If we are unable to successfully maintain effective internal control over financial reporting and disclosure controls and procedures, investors may lose confidence in our reported financial information and our stock price and our business may be adversely impacted.
     As a public company, after an initial transition period, we will be required to maintain internal control over financial reporting and our management will be required to evaluate the effectiveness of our internal control over financial reporting as of the end of each fiscal year. Additionally, we will be required to disclose in our annual reports on Form 10-K our management’s assessment of the effectiveness of our internal control over financial reporting and a registered public accounting firm’s attestation report on this assessment. As a public company, we will also be required to maintain disclosure controls and procedures, which encompass most of our internal control over financial reporting. Our principal executive officer and principal financial officer will be required to evaluate our disclosure controls and procedures as of the end of each quarter and disclose in our annual reports on Form 10-K and our quarterly reports on Form 10-Q their conclusions regarding the effectiveness of these controls and procedures. If we are not successful in establishing effective internal control over financial reporting or disclosure controls and procedures, there could be inaccuracies or omissions in the information we are required to file with the Securities and Exchange Commission, including our consolidated financial information. Additionally, even if there are no inaccuracies or omissions, we will be required to publicly disclose the conclusion of our management that our internal control over financial reporting or disclosure controls and procedures are not effective. These events could cause investors to lose confidence in our reported financial information, adversely impact our stock price, result in increased costs to remediate any deficiencies, attract regulatory scrutiny or lawsuits that could be costly to resolve and distract management’s attention, limit our ability to access the capital markets or cause our stock to be delisted from the Nasdaq Global Market or any other securities exchange on which it is then listed.
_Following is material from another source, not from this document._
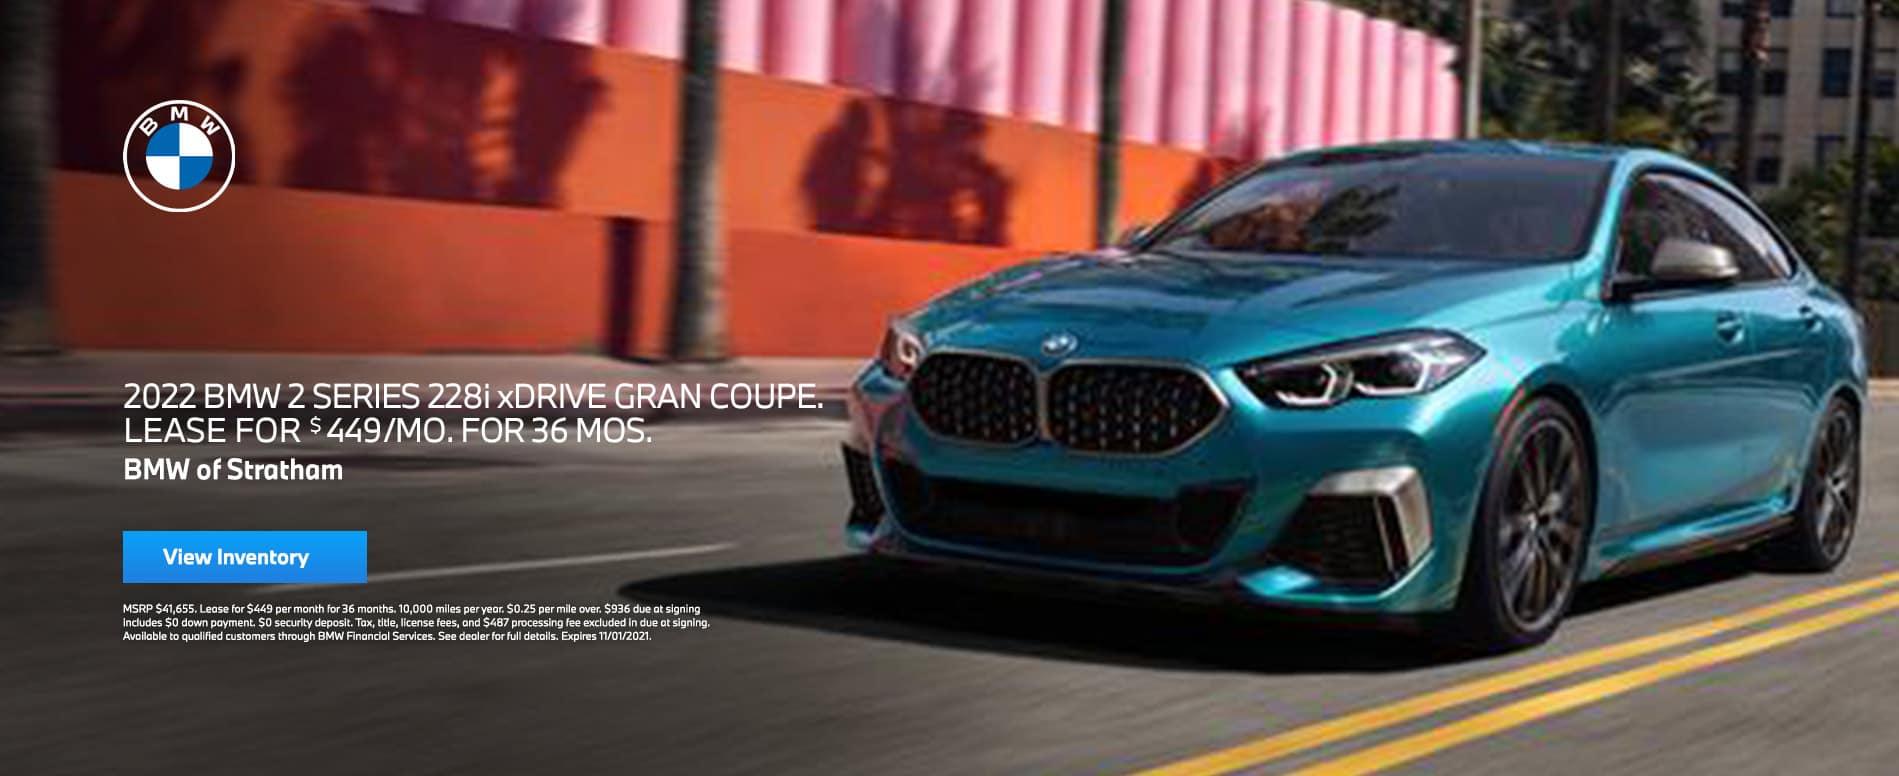 BMWAnnapolis_Slide_1990x776_2series_10-2021

Our common stock has not been publicly traded and we expect that the price of our common stock will fluctuate substantially.
     Prior to our initial public offering in May 2007, there was no public market for shares of our common stock. An active public trading market for shares of our common stock may not develop or, if developed, may not be sustained. The market price of our common stock will be affected by a number of factors, including:
    failure to maintain and increase manufacturing capacity and reduce per unit production costs;
 
    changes in the availability of third-party reimbursement in the United States or other countries;

43


 

    volume and timing of orders for the OmniPod System;
 
    developments in administrative proceedings or litigation related to intellectual property rights;
 
    issuance of patents to us or our competitors;
 
    the announcement of new products or product enhancements by us or our competitors;
 
    the announcement of technological or medical innovations in the treatment or diagnosis of diabetes;
 
    changes in governmental regulations or in the status of our regulatory approvals or applications;
 
    developments in our industry;
 
    publication of clinical studies relating to the OmniPod System or a competitor’s product;
 
    quarterly variations in our or our competitors’ results of operations;
 
    changes in earnings estimates or recommendations by securities analysts; and
 
    general market conditions and other factors, including factors unrelated to our operating performance or the operating performance of our competitors.
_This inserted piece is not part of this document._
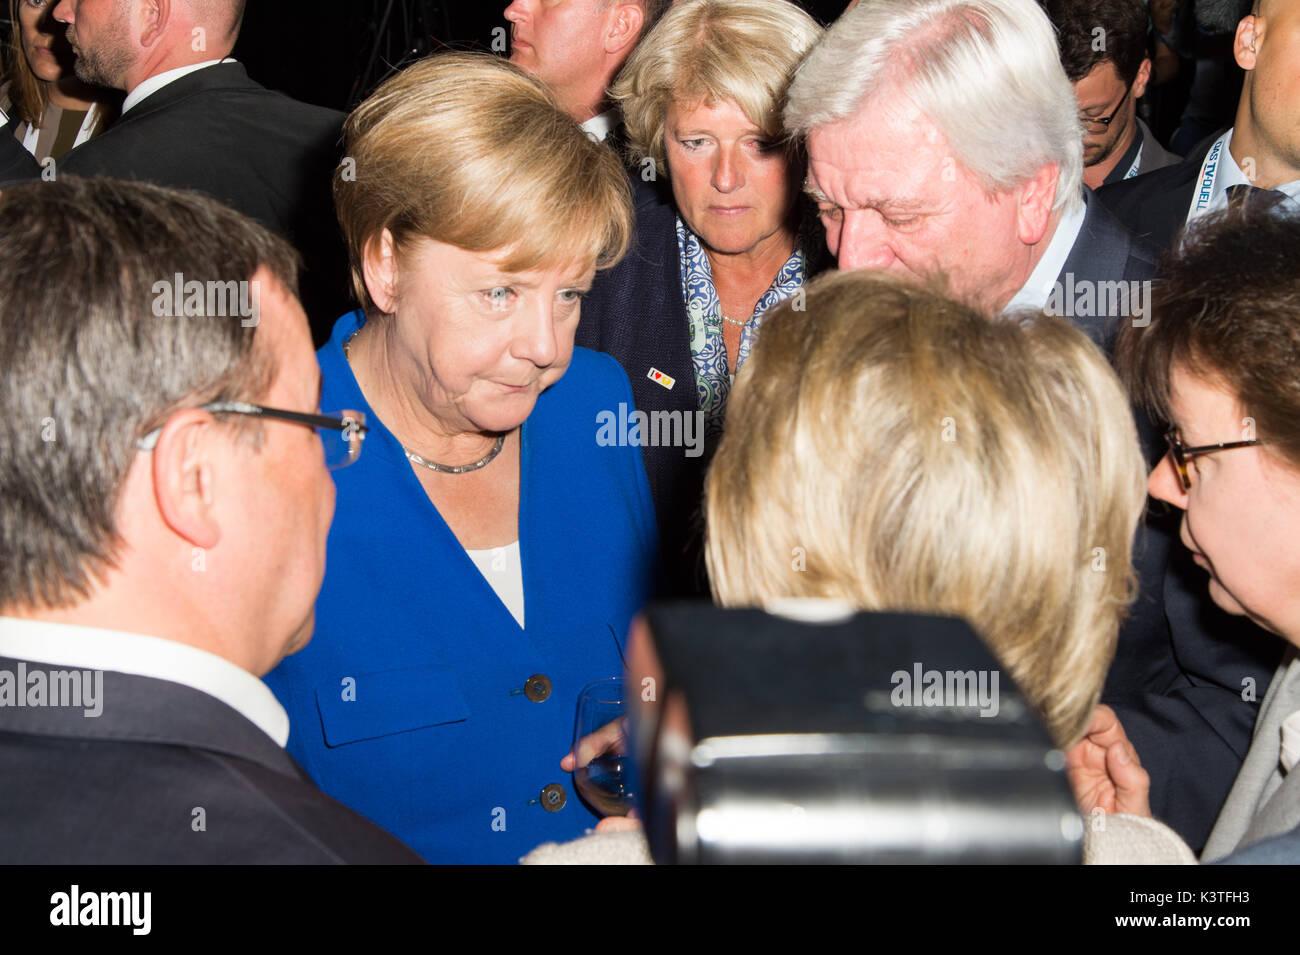 Berlin, Germany. 03rd Sep, 2017. Dr. Angela Merkel (M), happy after TV - election - duel, with Volker Bouffier, Dr. Angela Merkel - CDU vs. Martin Schulz - SPD, GER, 03.09.2017, Foto: Uwe Koch/fotobasis.de Credit: Uwe Koch/Alamy Live News - Stock Image

Sales of shares of our common stock in the public market, or the perception that such sales may occur, may depress our stock price and make it difficult for you to recover the full value of your investment in our shares.
     If our existing stockholders sell substantial amounts of our common stock in the public market following this offering, or if there is a perception that these sales may occur, the market price of our common stock could decline. In connection with our initial public offering in May 2007, we obtained lock-up agreements from our current stockholders representing over 99% of our outstanding common stock preventing, with limited exceptions, those stockholders from selling their stock for a period of 180 days from May 14, 2007 At various times after such lock-up agreements pertaining to this offering expire, approximately 17,787,580 additional shares will be eligible for sale in the public market at various times, subject to volume limitations under Rule 144 of the Securities Act of 1933, as amended. Holders of substantially all of such shares of our common stock have the right to require us to register such shares for sale under the Securities Act in certain circumstances and also have the right to include those shares in a registration initiated by us. If we are required to include the shares of our common stock of these stockholders pursuant to these registration rights in a registration initiated by us, sales made by such stockholders may adversely affect the price of our common stock and our ability to raise needed capital. In addition, if these stockholders exercise their demand registration rights and cause a large number of shares to be registered and sold in the public market or demand that we register their shares on a shelf registration statement, such sales or shelf registration may have an adverse effect on the market price of our common stock.
     We also intend to file one or more registration statements with the SEC covering, as of April 15, 2007: 2,685,941 shares of our common stock issuable upon the exercise of outstanding stock options granted under our 2000 Stock Option and Incentive Plan; 4,160,000 shares of our common stock available for future issuance under our 2007 Stock Option and Incentive Plan (which includes 3,625,000 shares, representing the maximum aggregate increases of 725,000 shares per year through 2012 provided for by this Plan); and 380,000 shares of our common stock available for future issuance under our 2007 Employee Stock Purchase Plan. Upon effectiveness of such registration statements, any shares subsequently issued under such plans will be eligible for sale in the public market, except to the extent that they are restricted by the lock-up agreements referred to above and subject to compliance with Rule 144 in the case of our affiliates. Sales of a large number of shares of our common stock issued under these plans in the public market may have an adverse effect on the market price of our common stock.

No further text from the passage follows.